Suppose an environmental scientist is studying whether exposure to air pollution is associated with low birth weight in a particular county.
They can train a machine-learning model to estimate the magnitude of this association, because machine-learning methods are particularly good at learning complex relationships.
Standard machine-learning methods are excellent at making predictions and sometimes provide uncertainties such as confidence intervals for these predictions. However, they usually do not provide estimates or confidence intervals when determining whether two variables are related. Other methods have been developed specifically to address this association problem and provide confidence intervals. But, in spatial settings, the MIT researchers found that these confidence intervals may be completely off target.
When variables such as air pollution levels or rainfall change at different locations, common methods of generating confidence intervals may claim a high level of confidence, when in reality, the estimate completely fails to capture the real value. These faulty confidence intervals may mislead the user into trusting the failed model.
After identifying this shortcoming, researchers developed a new method designed to generate valid confidence intervals for problems involving data varying in space. In simulations and experiments with real data, their method was the only technique that consistently produced accurate confidence intervals.
This work could help researchers in fields such as environmental science, economics, and epidemiology better understand when to trust the results of certain experiments.
“There are a lot of problems where people are interested in understanding space phenomena, like weather or forest management. We’ve shown that, for this broad class of problems, there are more appropriate methods that can give us better performance, a better understanding of what’s going on, and more reliable results,” says Tamara Broderick, an associate professor in MIT’s Department of Electrical Engineering and Computer Science (EECS), the Laboratory for Information and Decision Systems (LIDS) and a member of the Data, Systems Institute. Society, an affiliate of the Computer Science and Artificial Intelligence Laboratory (CSAIL), and senior author of the study.
David R., co-lead author on the paper with Broderick. Bert, a postdoc, and Renato Berlinghieri, an EECS graduate student; and Stephen Bates is an assistant professor in EECS and a member of LIDS. This research was recently presented at the Conference on Neural Information Processing Systems.
invalid assumptions
Spatial association involves studying how a variable and a certain outcome are related in a geographic area. For example, one might want to study how tree cover is related to altitude in the United States.
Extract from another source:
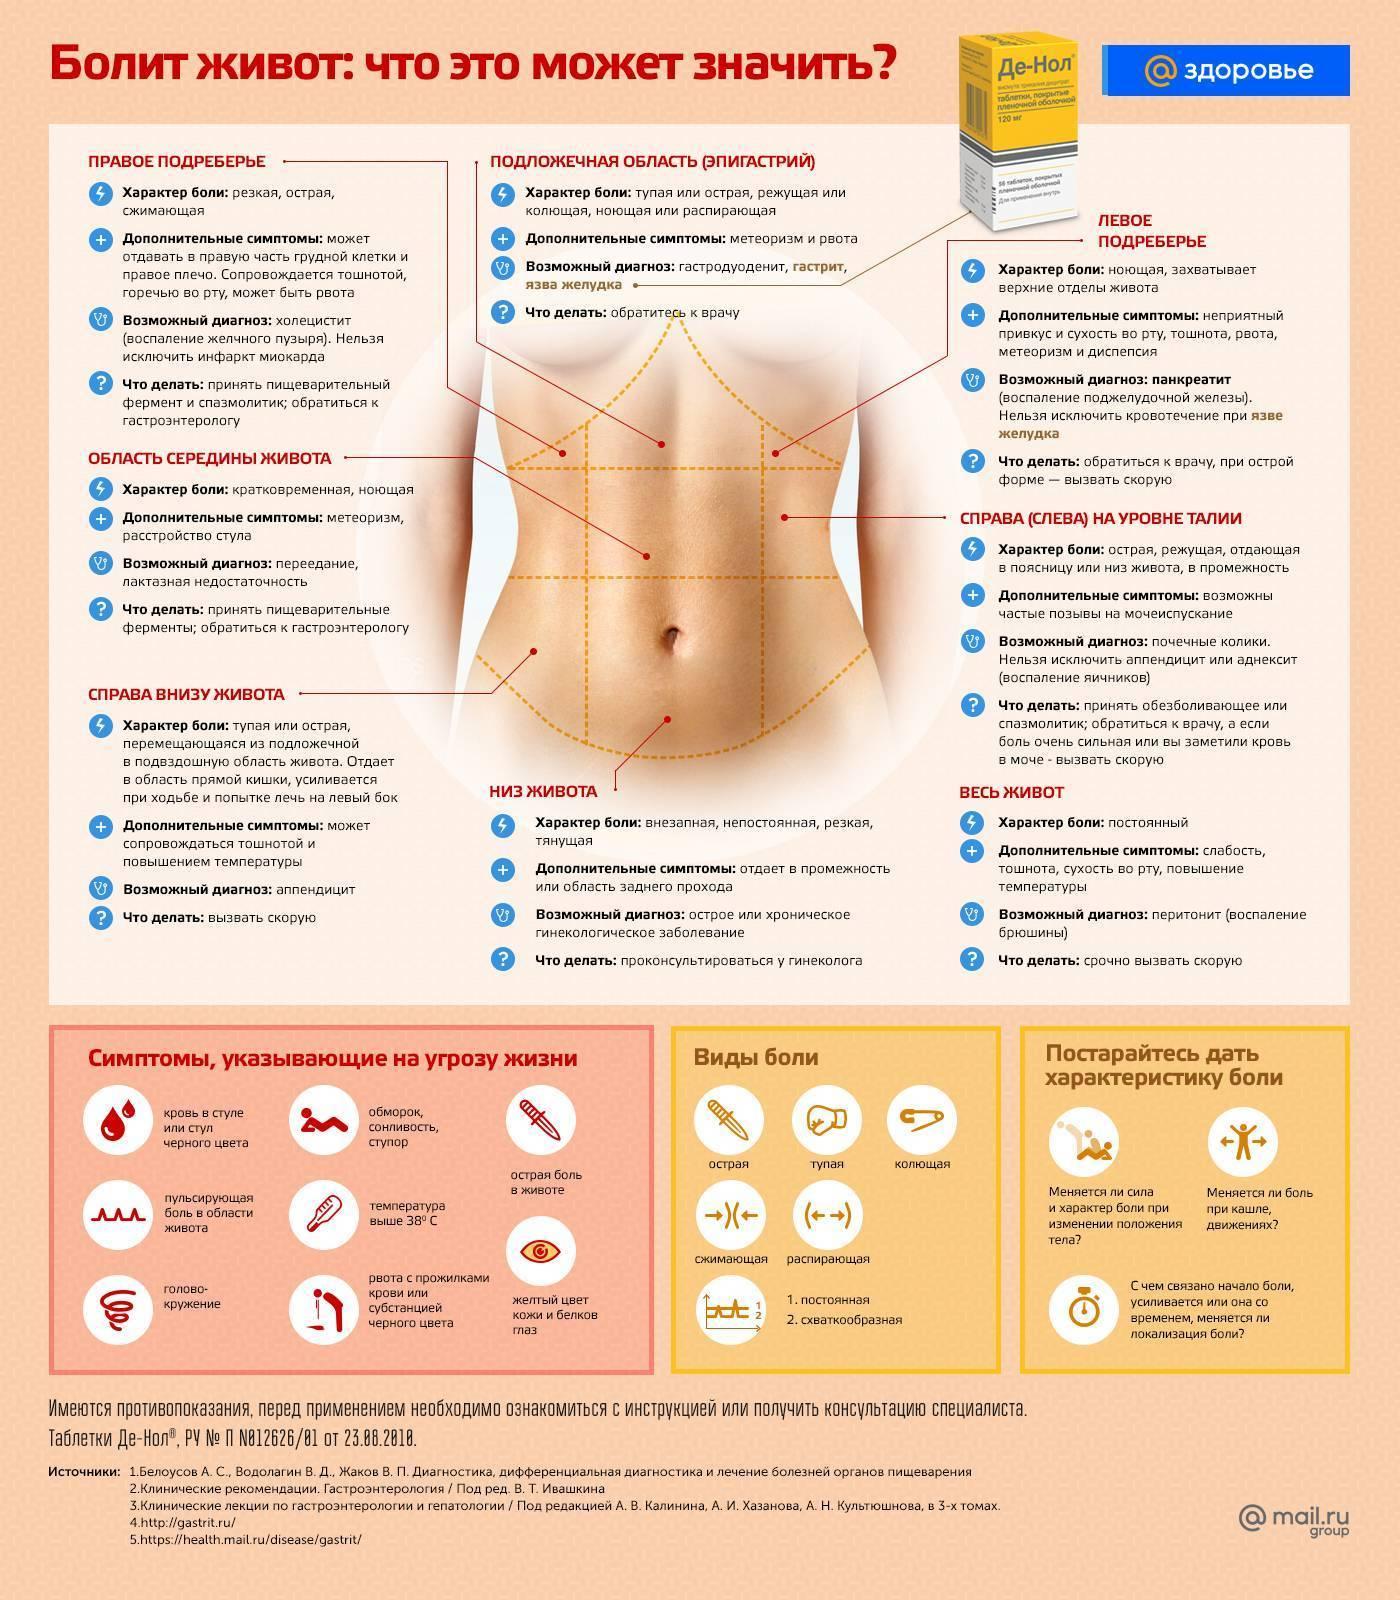 Болит желудок после кофе - здоровое тело

To solve this type of problem, a scientist can collect observational data from multiple locations and use it to infer an association in a different location where they do not have the data.
The MIT researchers realized that, in this case, existing methods often produce confidence intervals that are completely inaccurate. A model may say it is 95 percent confident that its estimate captures the true relationship between tree cover and height, whereas it did not capture that relationship at all.
After discovering this problem, researchers determined that the assumptions these confidence interval methods rely on do not hold when the data varies spatially.
Assumptions are like rules that must be followed to ensure that the results of statistical analysis are valid. Common methods of generating confidence intervals work under different assumptions.
First, they assume that the source data, which is the observation data collected to train the model, is independent and uniformly distributed. This assumption implies that the probability of including one locus in the data has no bearing on whether another is included. But, for example, U.S. Environmental Protection Agency (EPA) air sensors are installed with other air sensor locations in mind.
Second, existing methods often assume that the model is completely correct, but in practice this assumption is never true. Finally, they assume that the source data is identical to the target data where one wishes to make inferences.
But in spatial settings, the source data may be fundamentally different from the target data because the target data is in a different location than where the source data was collected.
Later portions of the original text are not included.